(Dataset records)
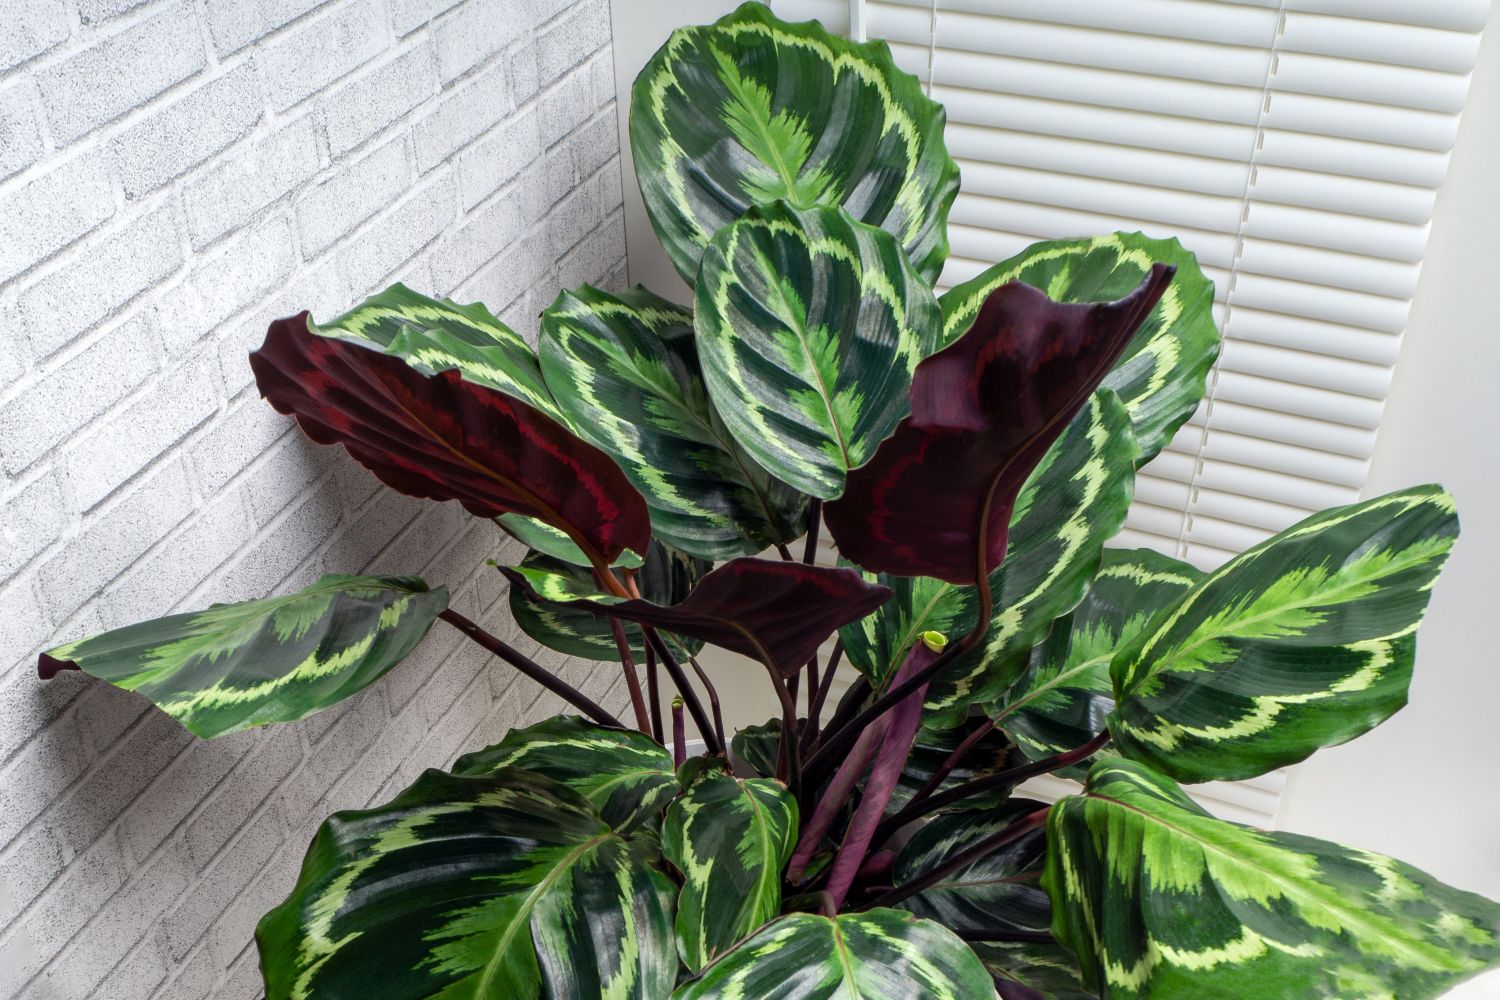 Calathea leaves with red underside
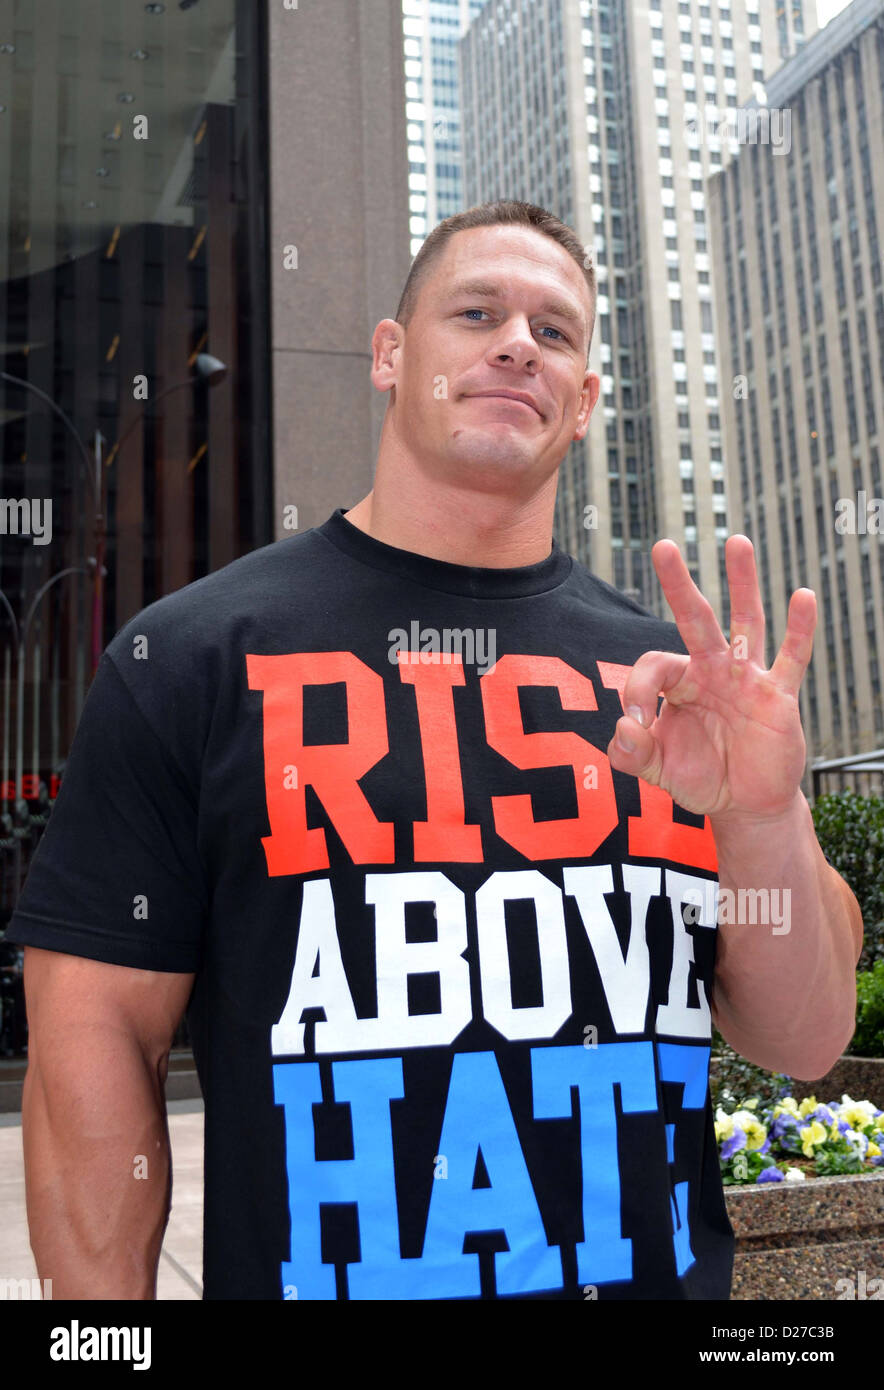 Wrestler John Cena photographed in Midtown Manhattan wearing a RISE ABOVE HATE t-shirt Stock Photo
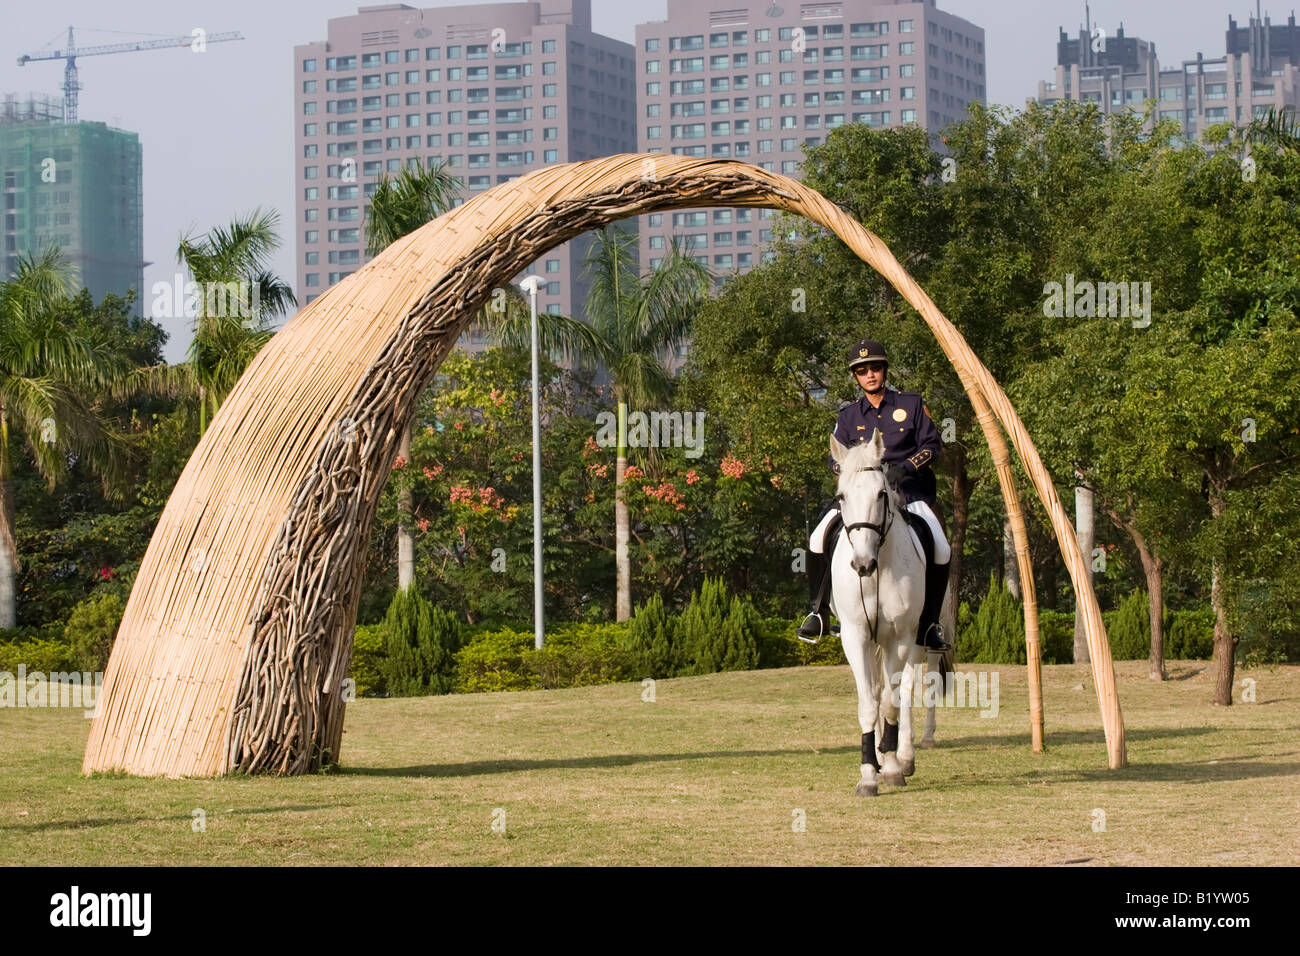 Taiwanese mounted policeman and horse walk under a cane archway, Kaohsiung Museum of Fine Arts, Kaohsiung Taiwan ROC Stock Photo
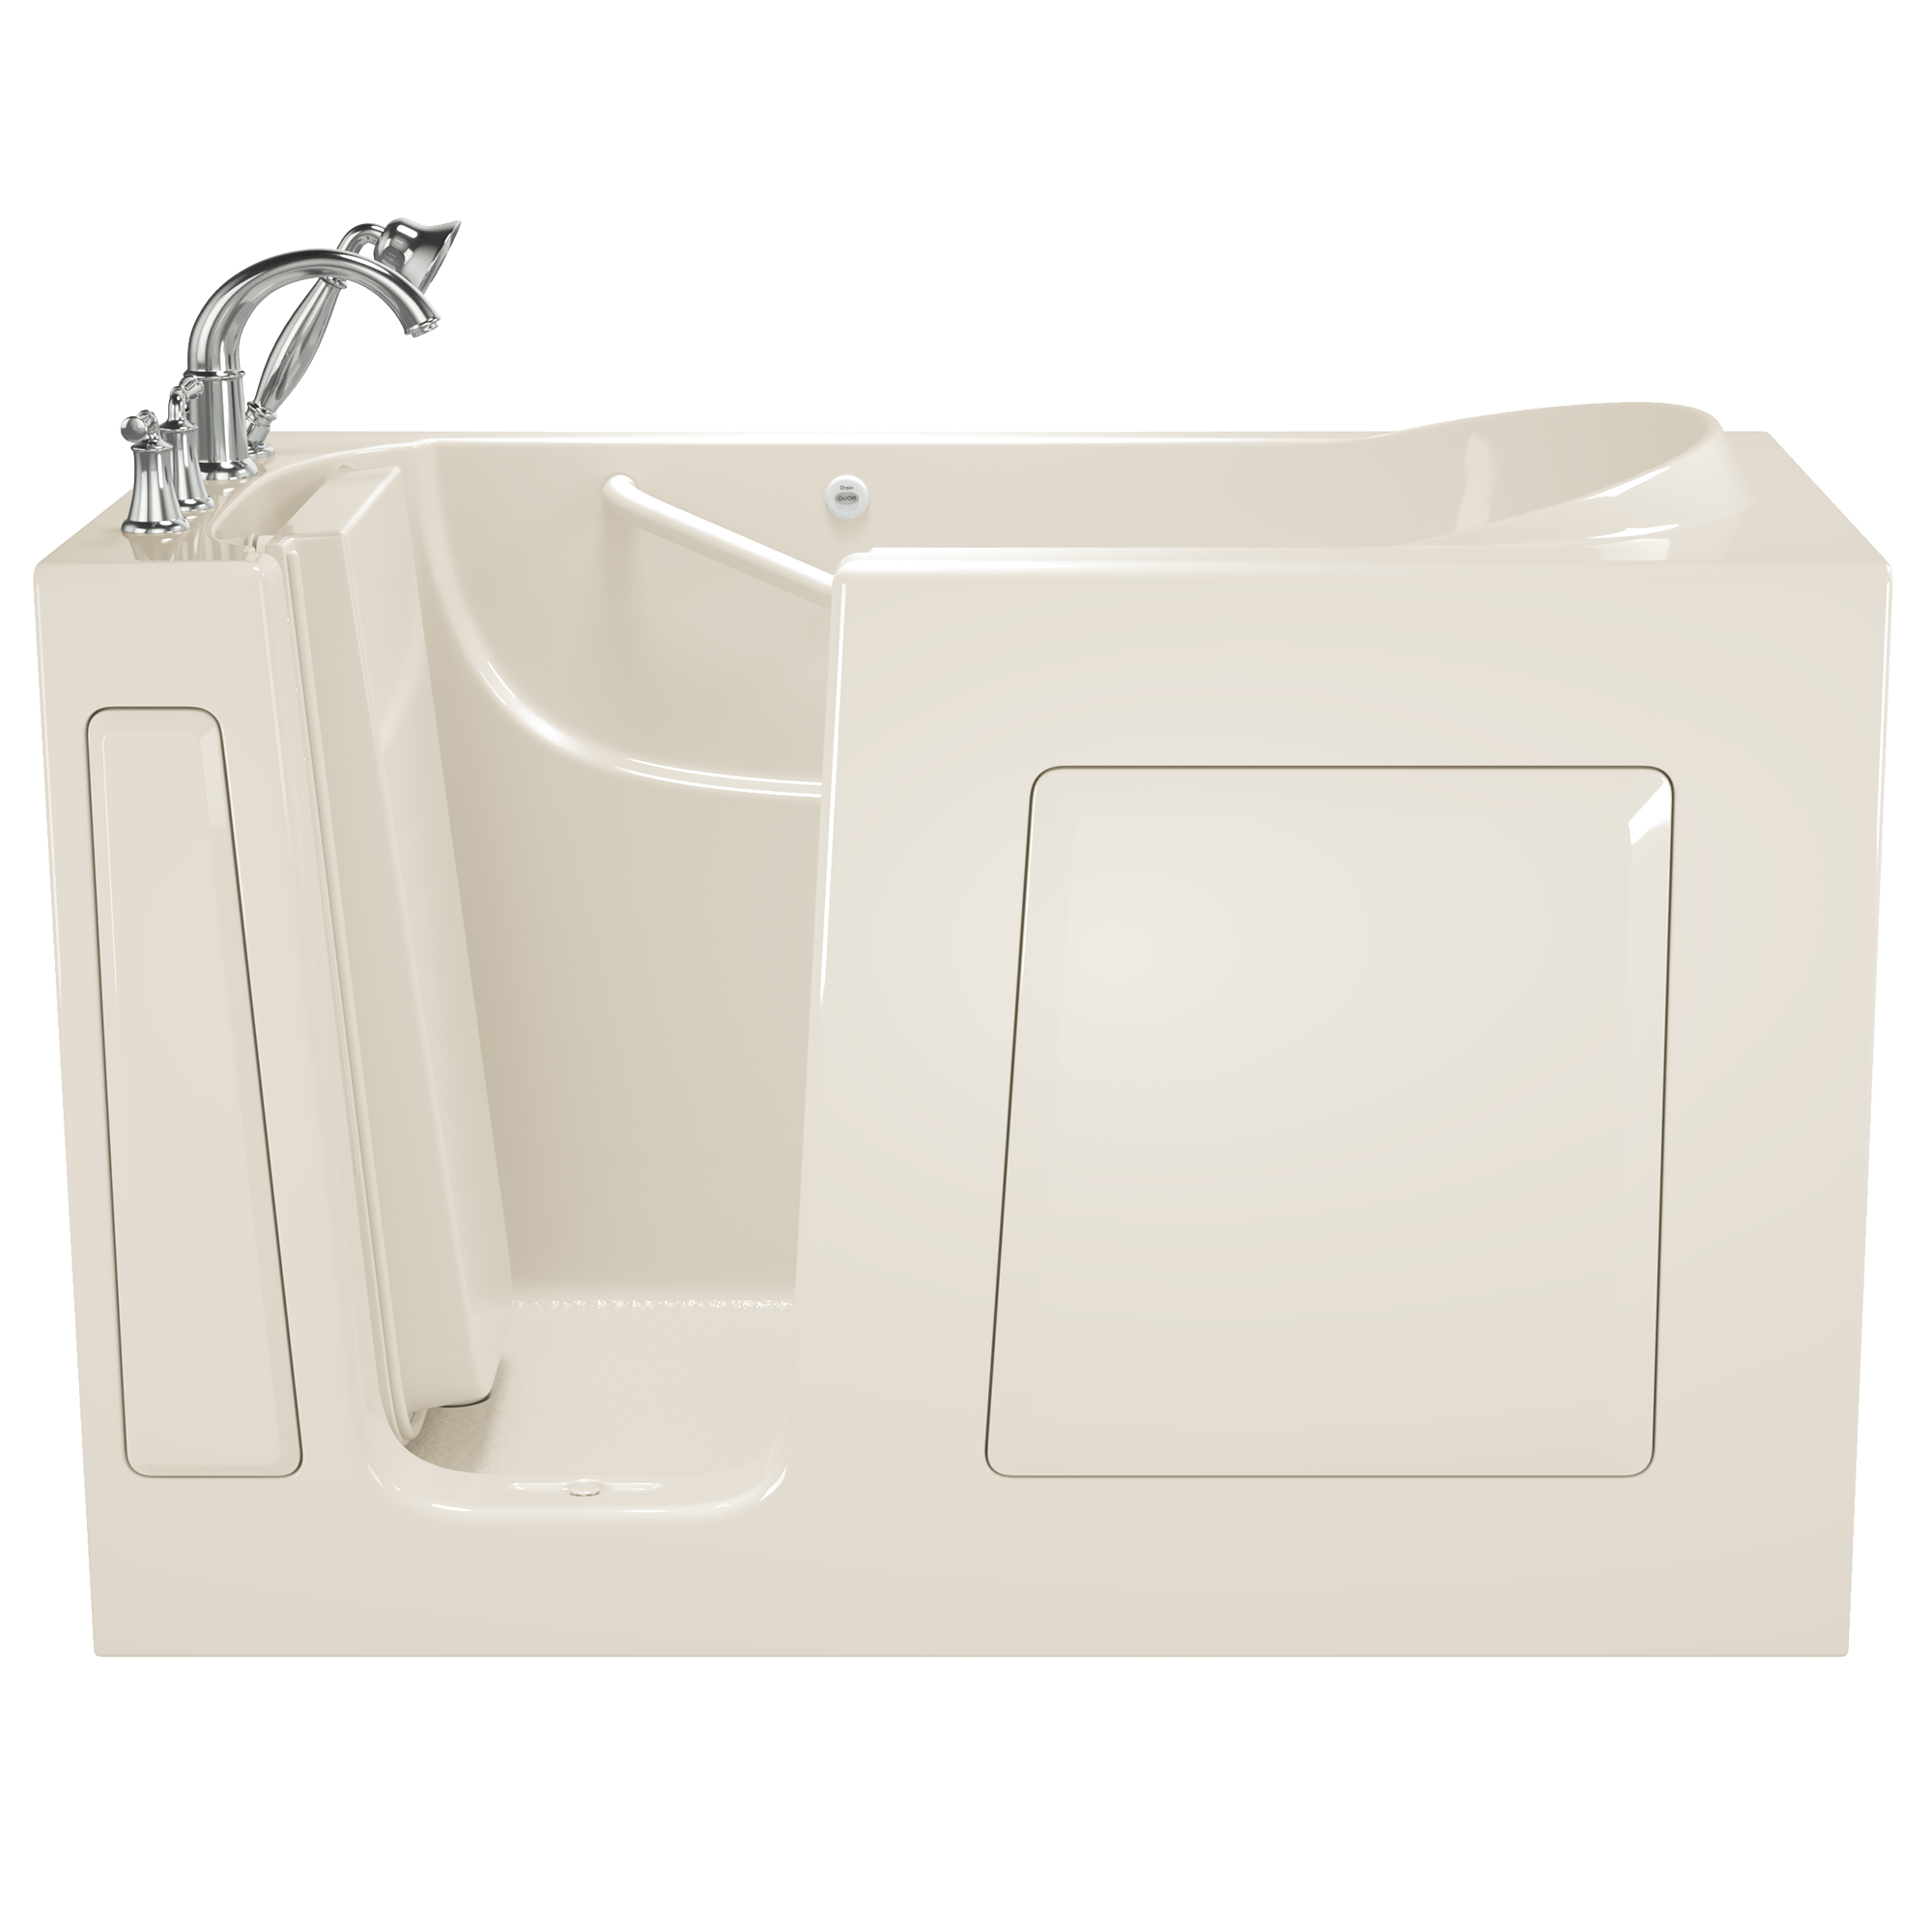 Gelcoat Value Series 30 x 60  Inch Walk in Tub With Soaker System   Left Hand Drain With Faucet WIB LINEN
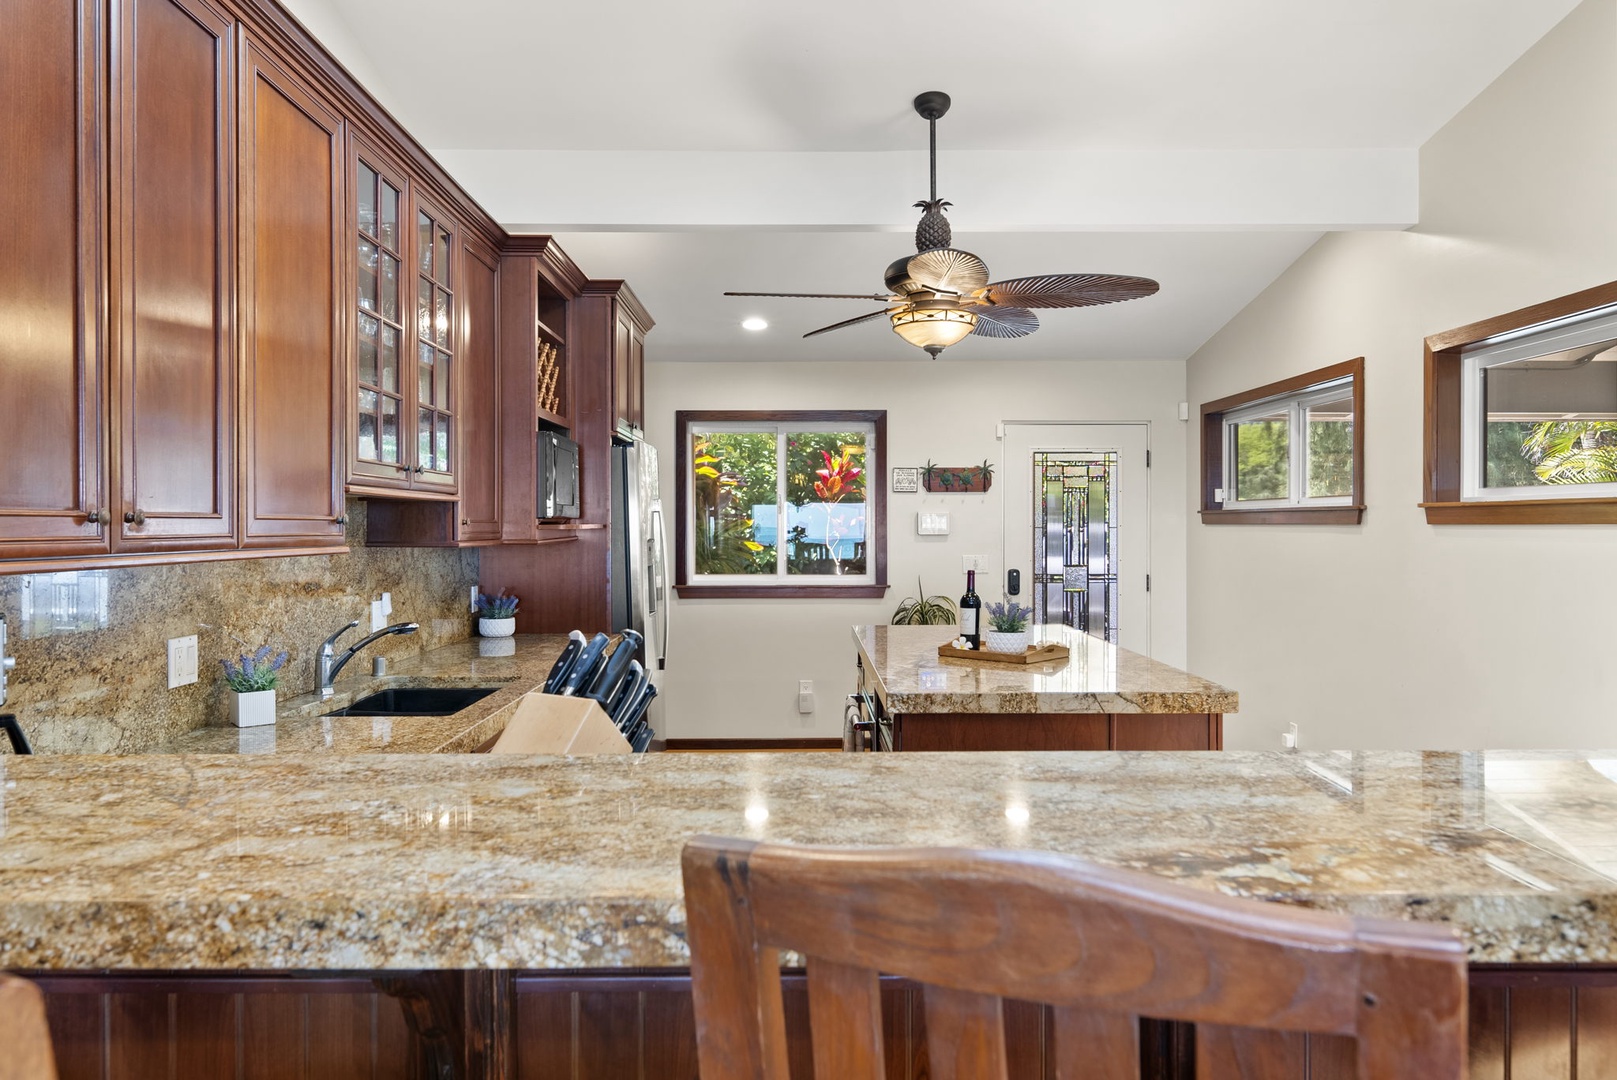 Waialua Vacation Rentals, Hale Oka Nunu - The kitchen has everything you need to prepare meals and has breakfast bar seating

● What is needed: Please retype the data exactly. The pictures do not go in.

● Written answer:
 Calathea leaves with red underside
 Wrestler John Cena photographed in Midtown Manhattan wearing a RISE ABOVE HATE t-shirt Stock Photo
 Taiwanese mounted policeman and horse walk under a cane archway, Kaohsiung Museum of Fine Arts, Kaohsiung Taiwan ROC Stock Photo
 Gelcoat Value Series 30 x 60  Inch Walk in Tub With Soaker System   Left Hand Drain With Faucet WIB LINEN
 Waialua Vacation Rentals, Hale Oka Nunu - The kitchen has everything you need to prepare meals and has breakfast bar seating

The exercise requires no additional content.